La hermana de Felipe VI, actual Rey de España, e hija del saliente Juan Carlos I de Borbón, la Infanta Cristina, fue ayer imputada por dos cargos de delito fiscal y blanqueo de dinero, en el marco del escandaloso caso Nóos, que empañó en gran parte la imagen de la realeza en dicho país.
El juez José Castro emitió un auto en la ciudad de Palma de Mallorca, donde se lleva la causa, que pone fin a una larga instrucción en la que imputa a un total de quince personas. Entre estas, por supuesto, su marido, Iñaki Urdangarin, Duque de Palma, a quien se le acusa de otros siete presuntos cargos.
¿Cómo recibió España la noticia? Expertos coinciden en que la decisión del juez no sorprende a nadie y, por el contrario, es muestra para una gran parte de españoles inconformes que su sistema judicial funciona incluso al abordar posibles delitos de la realeza. Era considerada por algunos hasta ahora intocable.

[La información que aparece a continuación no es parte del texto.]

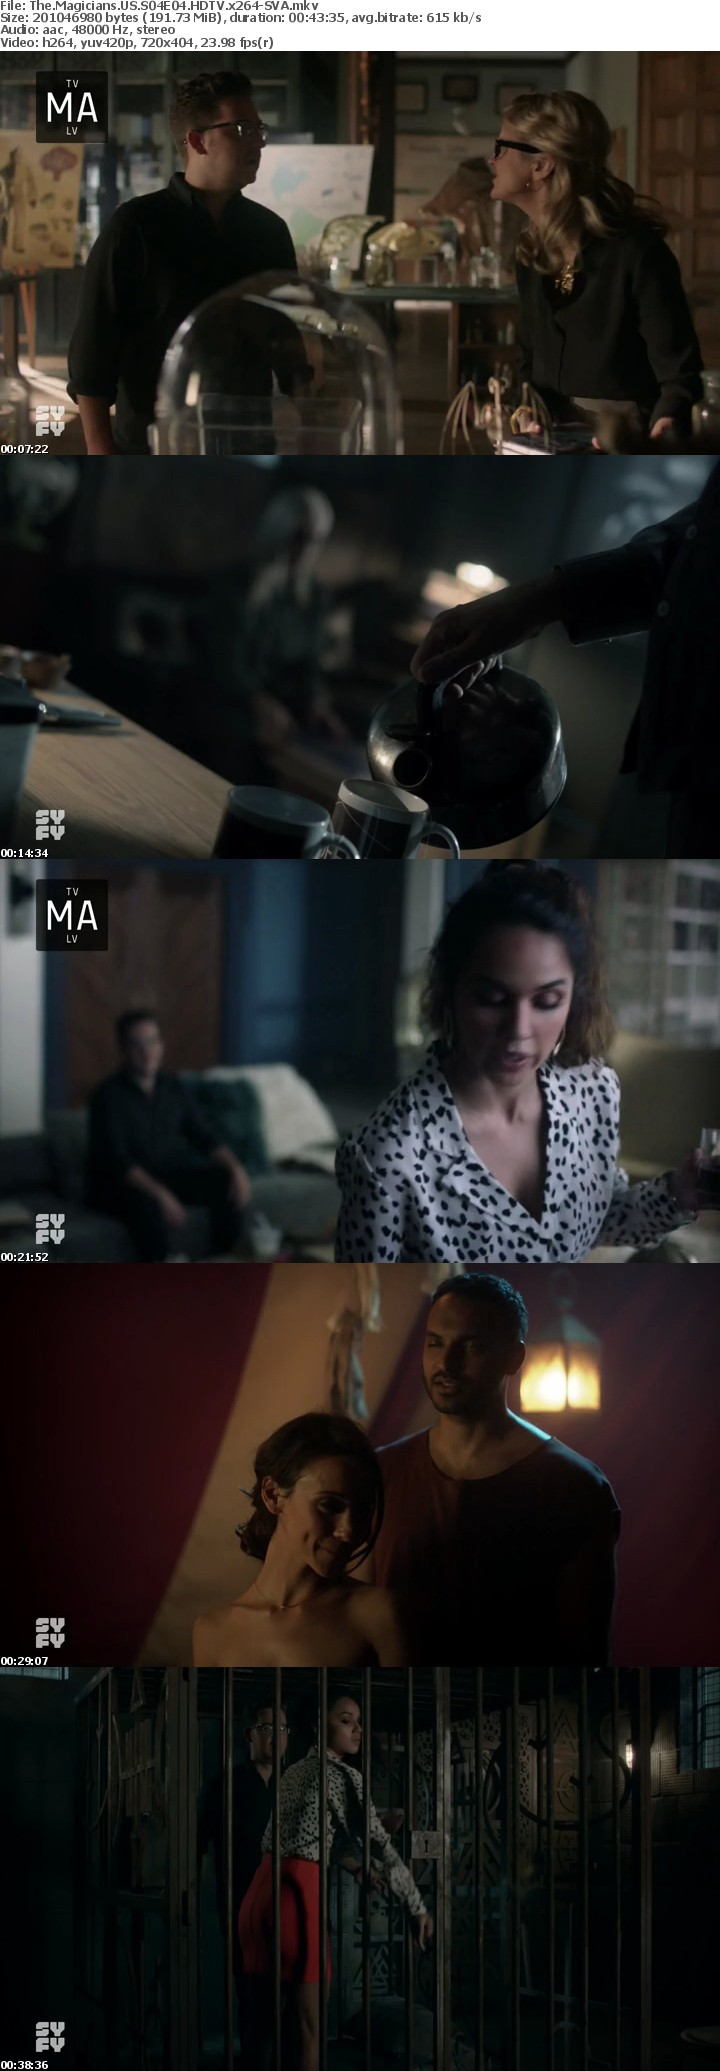 The Magicians US S04E04 HDTV x264-SVA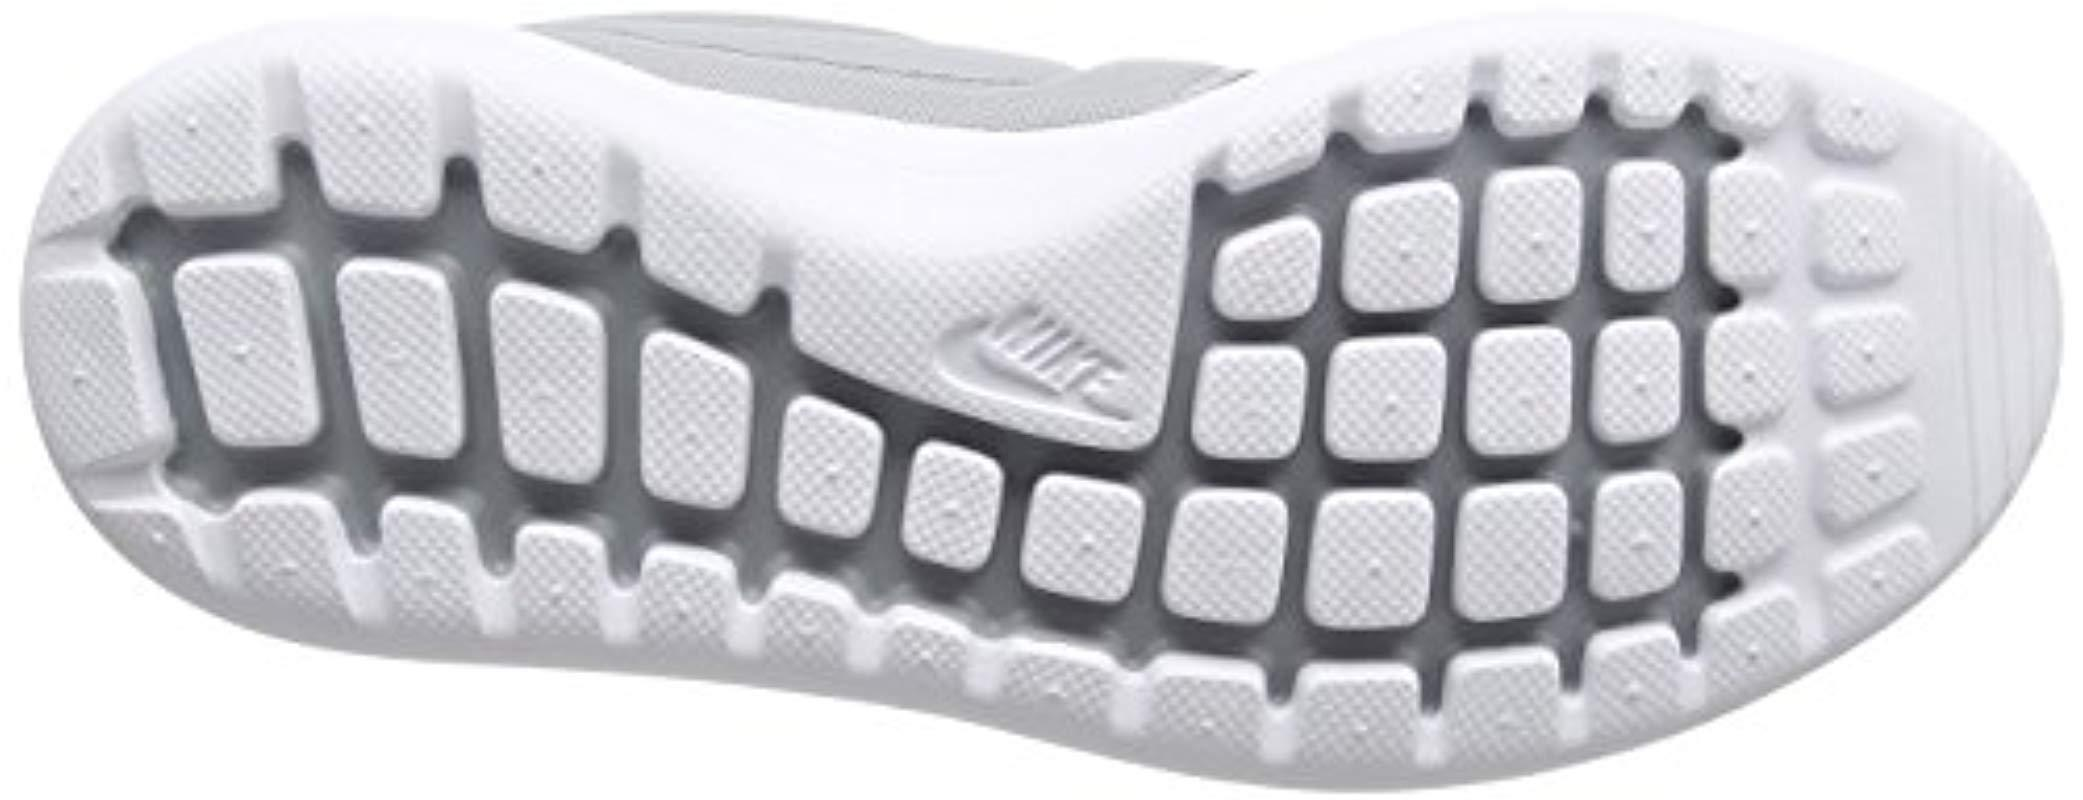 5c8bf5c2b3fc7 Nike - Gray 844931-001 Fitness Shoes - Lyst. View fullscreen

"El auto del juez es muy contundente y no deja lugar a dudas. Es consecuente con la línea de investigación e imputa a la Infanta de los cargos sobre los que se venía hablando: delito fiscal y blanqueo de capitales. Son 167 páginas y tres años de investigación. No deja dudas el juez. Según él hay indicios sobrados de que esta se lucró en beneficio propio al participar al 50 por ciento de la sociedad mercantil Aizoon", dijo a este diario Humberto Montero, periodista y columnista de La Razón.
"La justicia dejó muy en claro los motivos por los que es imputada. Habrá que esperar ahora qué pasa. Lo que es evidente es que la ciudadanía española está molesta por este tipo de escándalos y se debe actuar para hacer justicia respecto a este tipo de irregularidades. Yo creo en las instituciones y que el que sea culpable pague por lo que hizo", coincidió en diálogo con El Colombiano Víctor Corcoba Herrero, escritor y periodista.
En medio de este aval que da la ciudadanía a que la hija de un saliente Rey y hermana del actual monarca sea juzgada como cualquier ciudadana, la Casa Real española no ha protestado la decisión y en cambio ha respetado la institucionalidad del país, tal como creen las voces consultadas por este diario.
"Esto es democracia. La ley debe ser igual para todos. La han imputado y la justicia es la que tiene que hablar. Más allá de cualquier tema político, esta debe ser independiente. Por supuesto, los demás poderes no tienen nada que hacer. Eso es algo que dejó en claro el nuevo Rey en su discurso inaugural: la separación de los poderes legislativo, ejecutivo y judicial", aseguró Corcoba.
"En cuanto a la Casa Real, no creo que vaya a emitir ningún comentario en contra. Cristina ha sido apartada de cualquier acto público de la realeza, continúa con el trato de Infanta, pero no tiene mayor vinculación en este momento", recalcó Montero.
"Me imagino que en este nuevo reinado España seguirá encaminándose a esta línea que Felipe VI trazó para que la crisis de las instituciones se resuelva, porque habían perdido credibilidad. Todo eso hay que regenerarlo y en ese sentido los españoles solo pueden sentirse satisfechos porque la justicia está actuando", afirmó por su parte Corcoba.
Por todo esto, nadie en el país se sorprende de la imputación de la Infanta Cristina, y el consenso en la opinión pública española es que se trata de un avance para sus maltrechas instituciones.